- _Task description_
From the listing below, reproduce word for word the part that opens with the line containing "Covid-19: Plataforma Cidadania" and closes with the line containing "RR invito presentazione Corfiati-001"; reproduce nothing else.

- _Source information_
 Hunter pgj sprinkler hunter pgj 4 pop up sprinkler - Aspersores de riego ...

==

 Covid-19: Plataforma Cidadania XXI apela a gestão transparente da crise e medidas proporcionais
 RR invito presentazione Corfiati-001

- _Your solution_
 Covid-19: Plataforma Cidadania XXI apela a gestão transparente da crise e medidas proporcionais
 RR invito presentazione Corfiati-001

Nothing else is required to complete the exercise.